Simon Dawlat

Simon Dawlat is a French entrepreneur born in Paris in 1984. After a stay in Silicon Valley, he founded AppGratis in 2009. After Apple discontinued the application, the company developed Batch.com, a company specialized in mobile CRM and push notifications in 2018.
Childhood, training and first entrepreneurial experiences
Simon studied for a Bachelor of Arts degree in Modern Letters at the Sorbonne. In parallel, he worked as a freelancer for various European start-ups . In 2007, he left for an internship in the Silicon Valley. He stayed there for 2 years, working for CreativeFeed and then Sonim Technologies.

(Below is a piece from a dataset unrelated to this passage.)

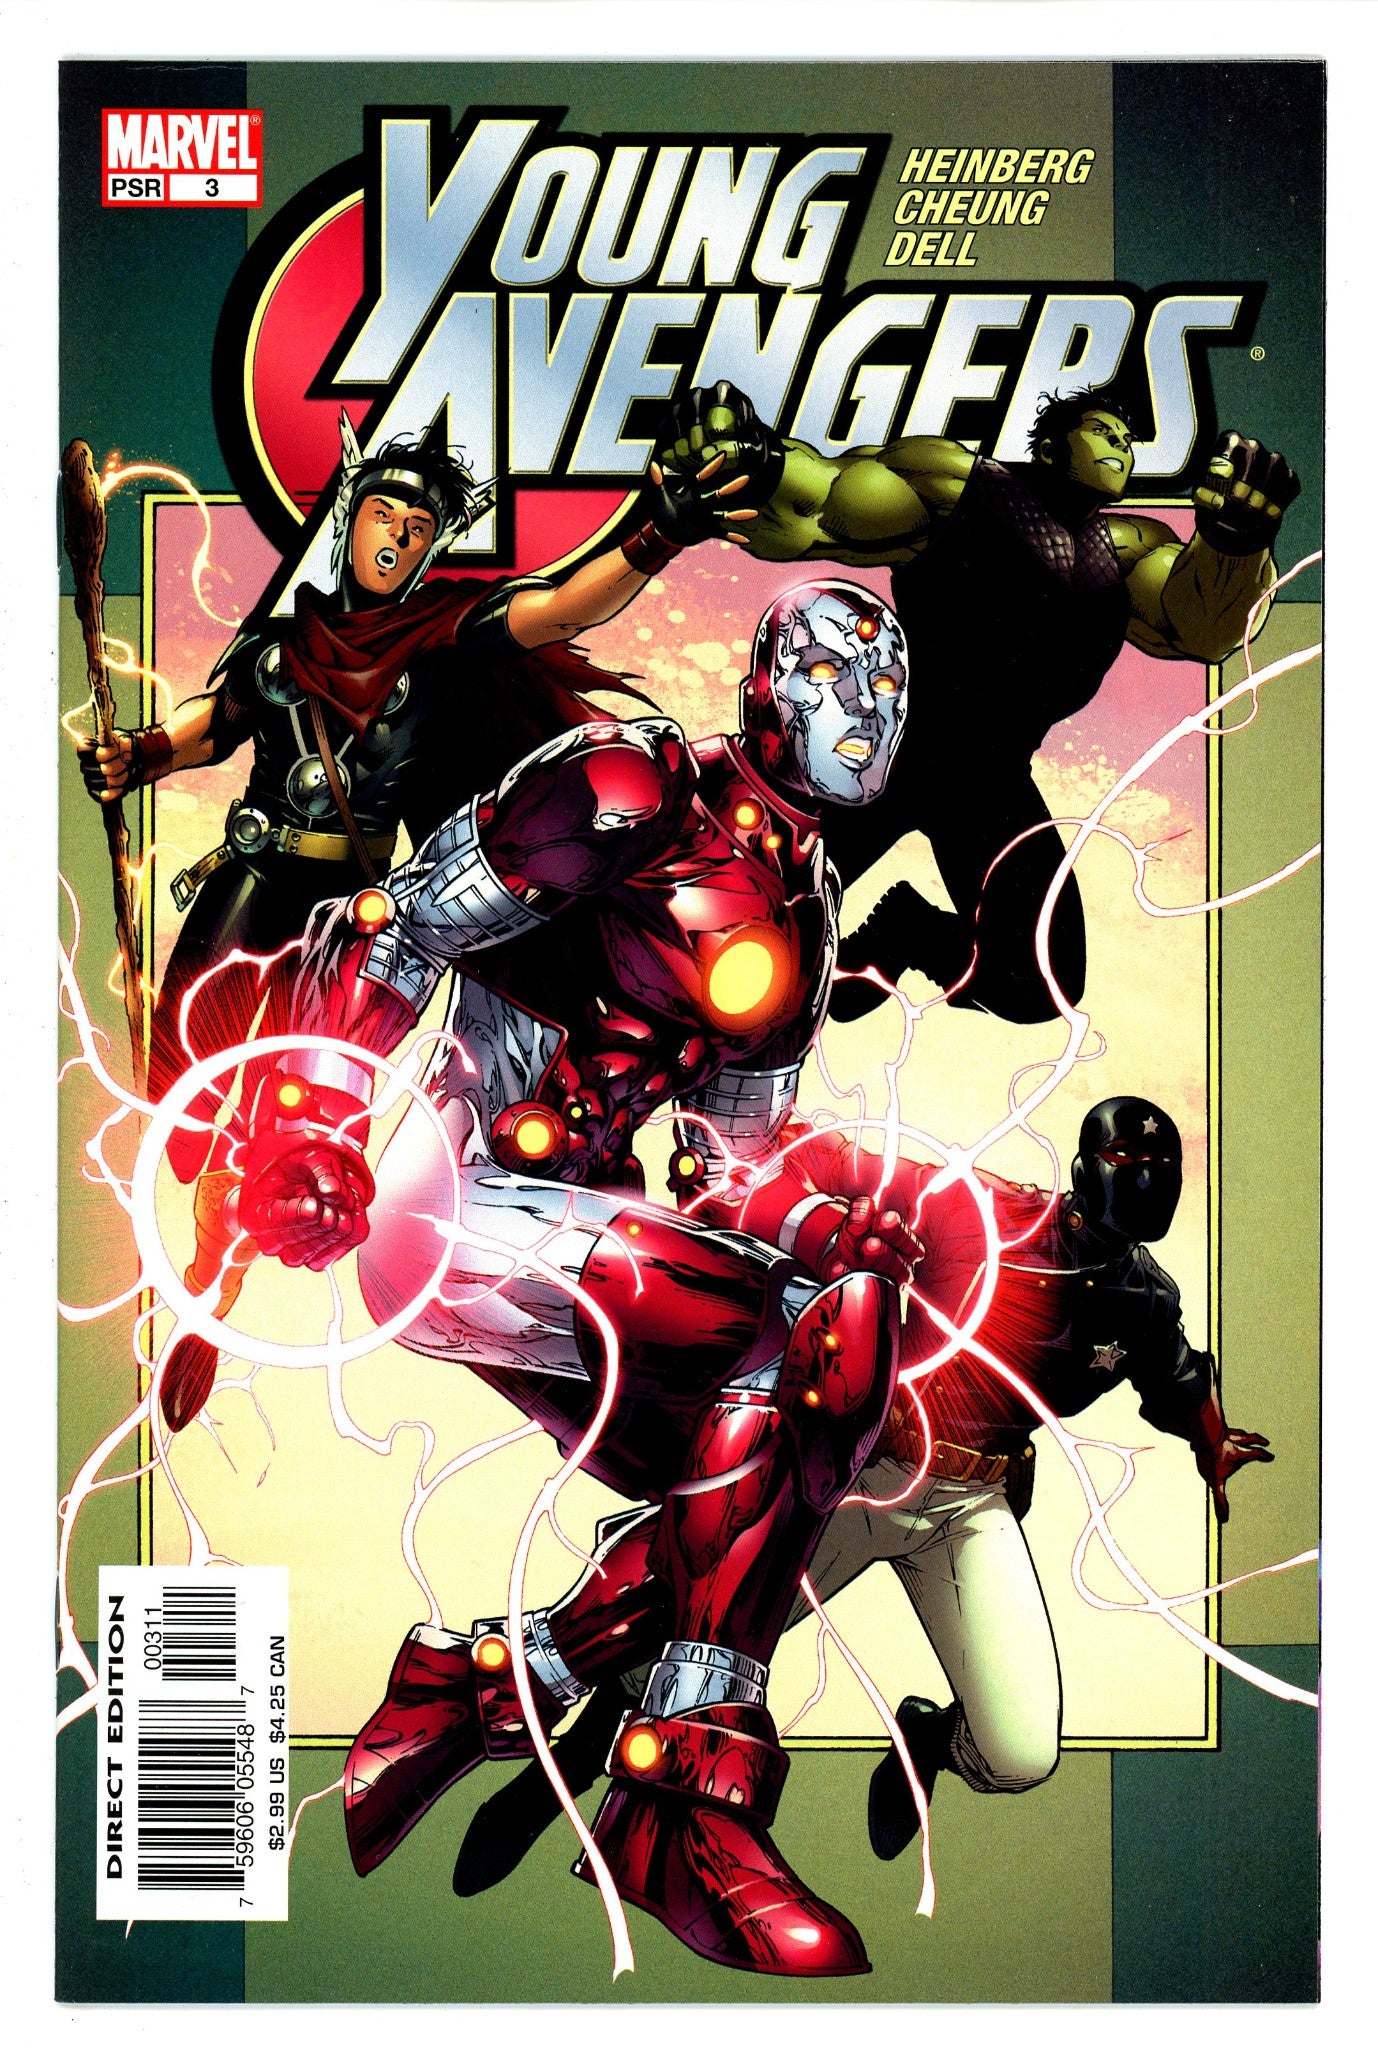 Young Avengers Vol 1 3 NM-
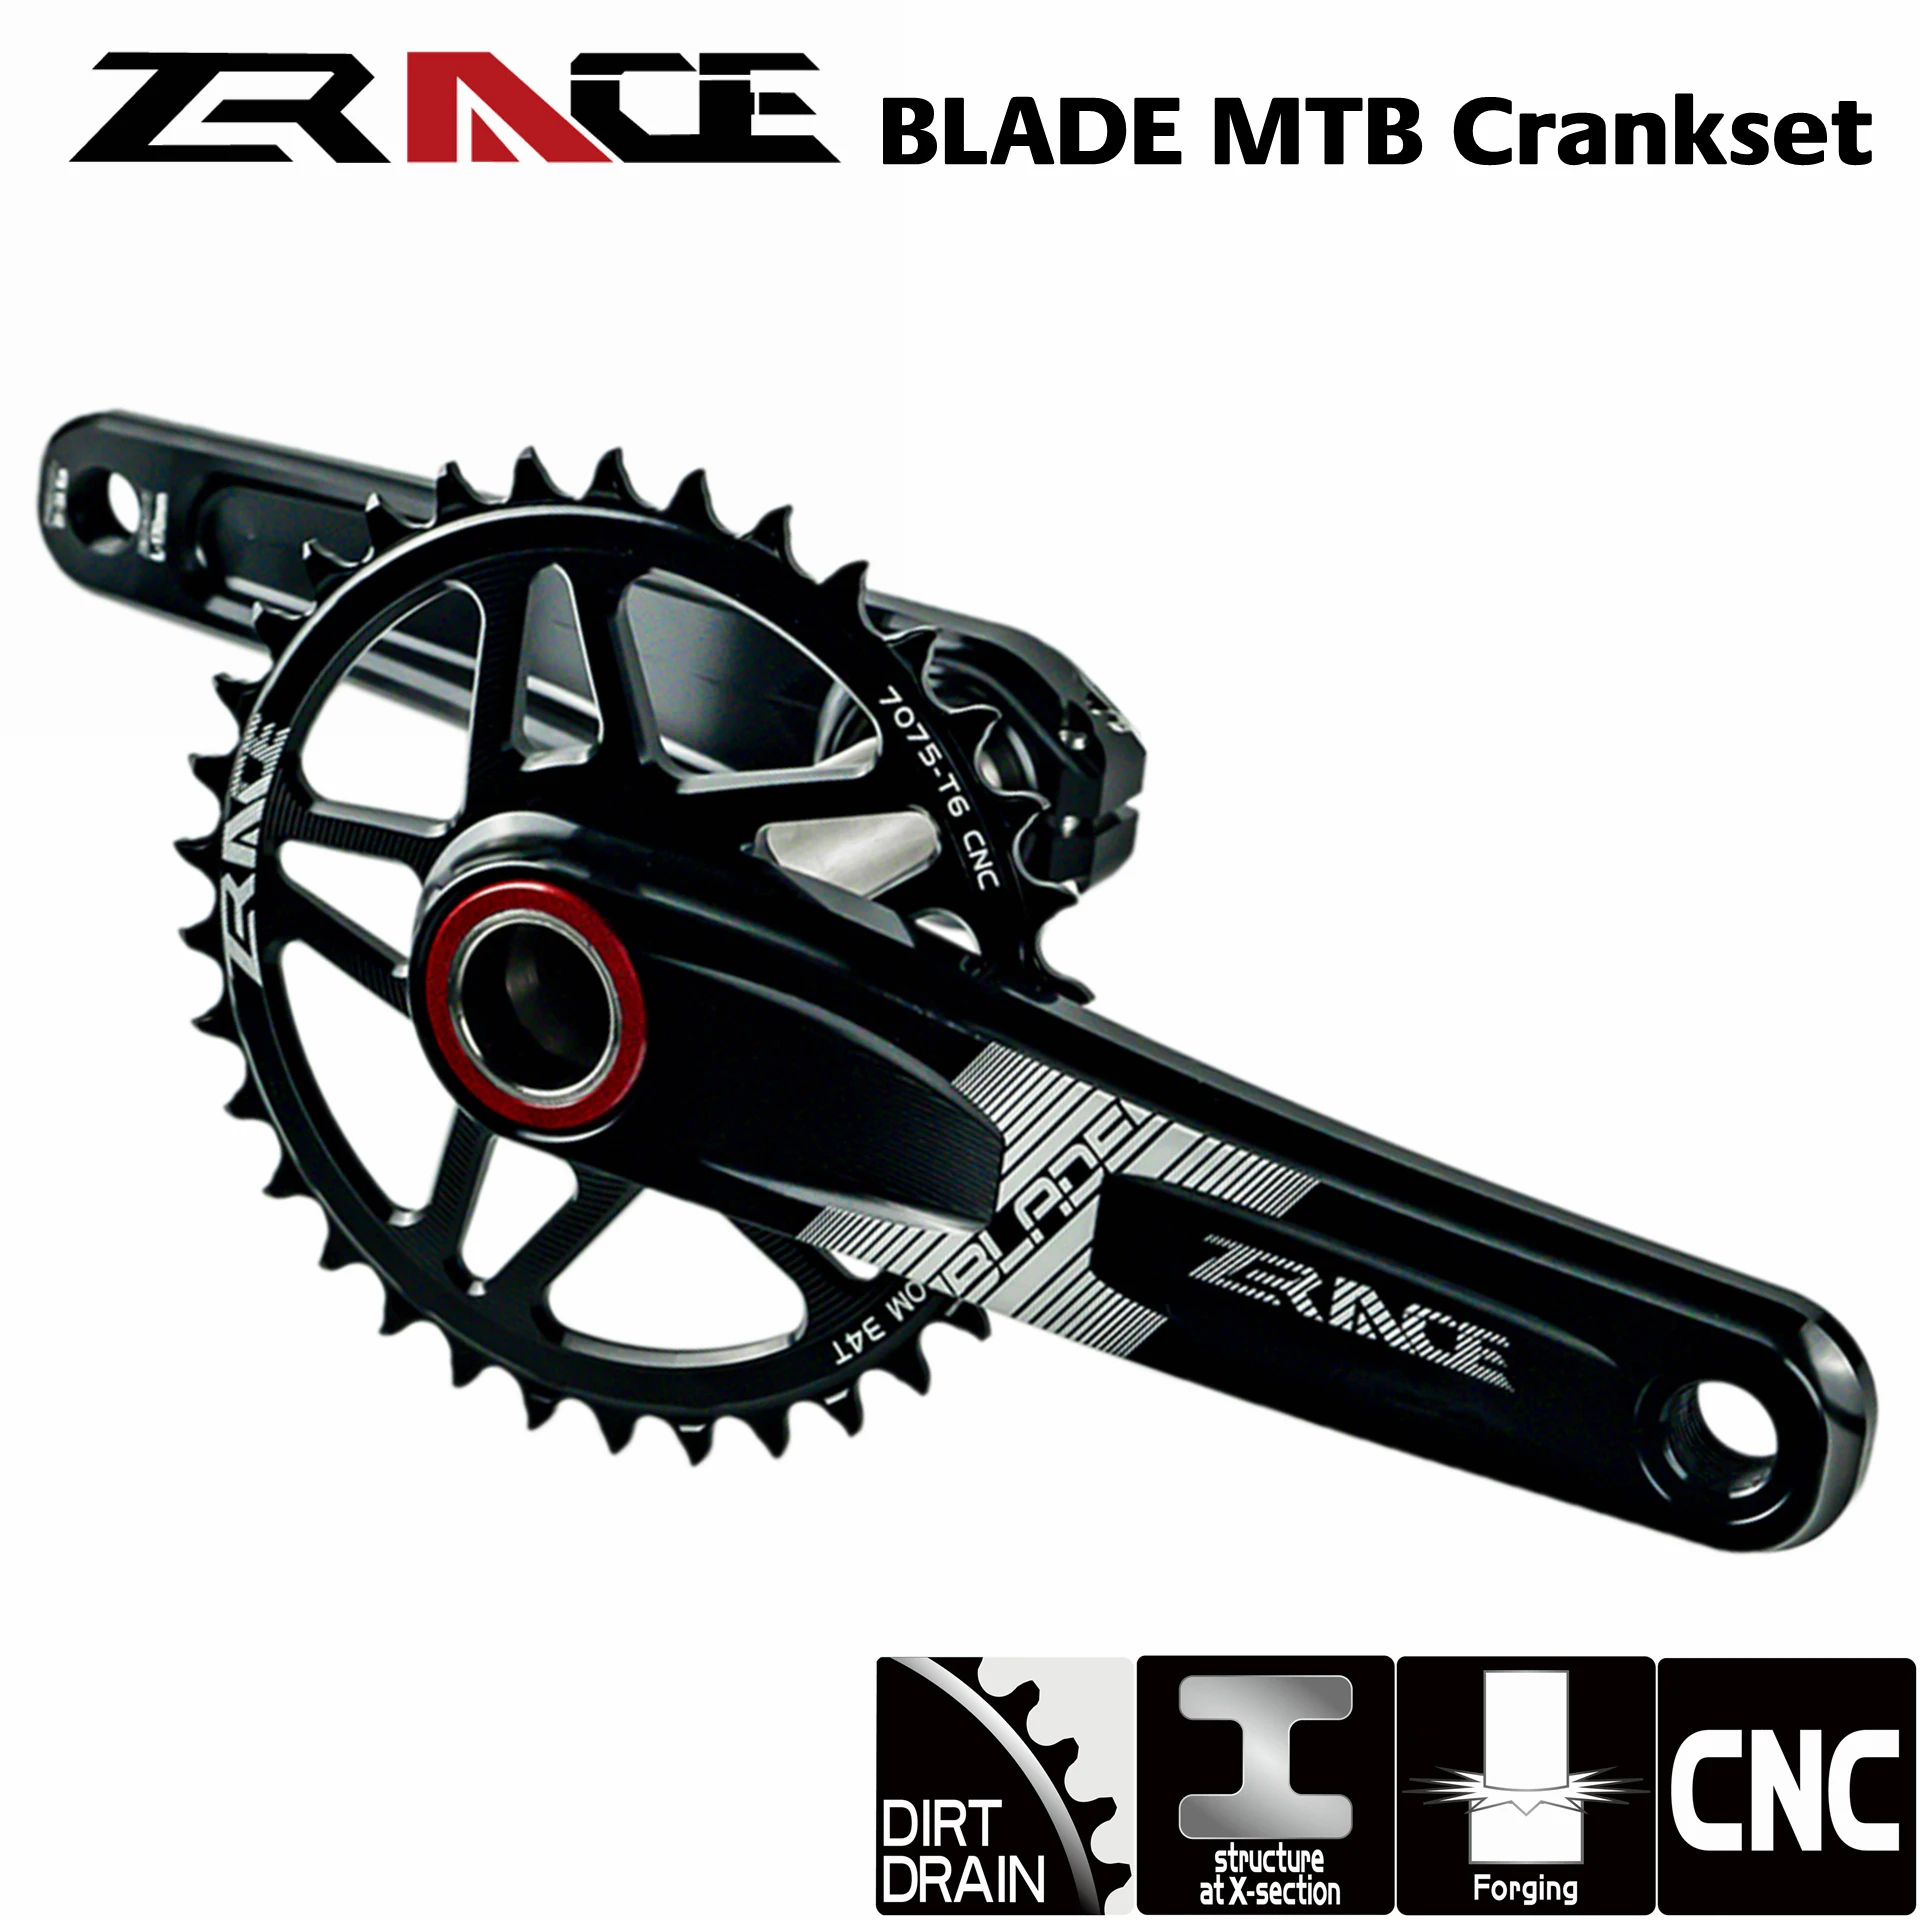 ZRACE BLADE 1 x 10 11 12 Speed Crankset Eagle Tooth for MTB XC / TR / AM 170 / 175mm,32T/34T/36T,BB68/73 Chainset

In 2008, Simon, who was already developing applications, saw Apple's App Store as a future opportunity. He created then a company to develop mobile games.
The creation of AppGratis
Back in France in 2009, Simon launched "AppGratis", a daily newsletter dedicated to mobile applications. By the end of 2009, more than 20,000 people had subscribed and the model evolved into a medium that could now be used in various media (newsletter, mobile application, website).
In 2012, the AppGratis app that had been downloaded more than 50 million times was available in 30 countries and 12 languages. The company employed nearly 100 people of 12 different nationalities in Paris. It received a financial support of €10 million in December 2012 from Iris Capital and Orange Publicis Ventures.
From AppGratis to Batch.com
In April 2013, Apple deregistered the AppGratis application from its App Store, signing a decline phase for the startup followed by a "pivot" towards a new project, Batch.com from 2014. The AppGratis service was definitively closed 4 years later, in February 2017.
In 2018 the "pivot" to Batch was successful. Within a few months, the company returned to a high level of profitability. It now distributes its technology in more than 15 countries and employs 40 people for more than 50 billion push notifications sent each year and counts among its customers nearly 1/3 of the CAC40 and thousands of major accounts and startups such as Société Générale, BNP, AXA, EDF, L'Oréal, Les Echos, Le Parisien, France 24, L'Express, Axel Springer, Chauffeur-Privé, Cityscoot or Vestiaire Collective.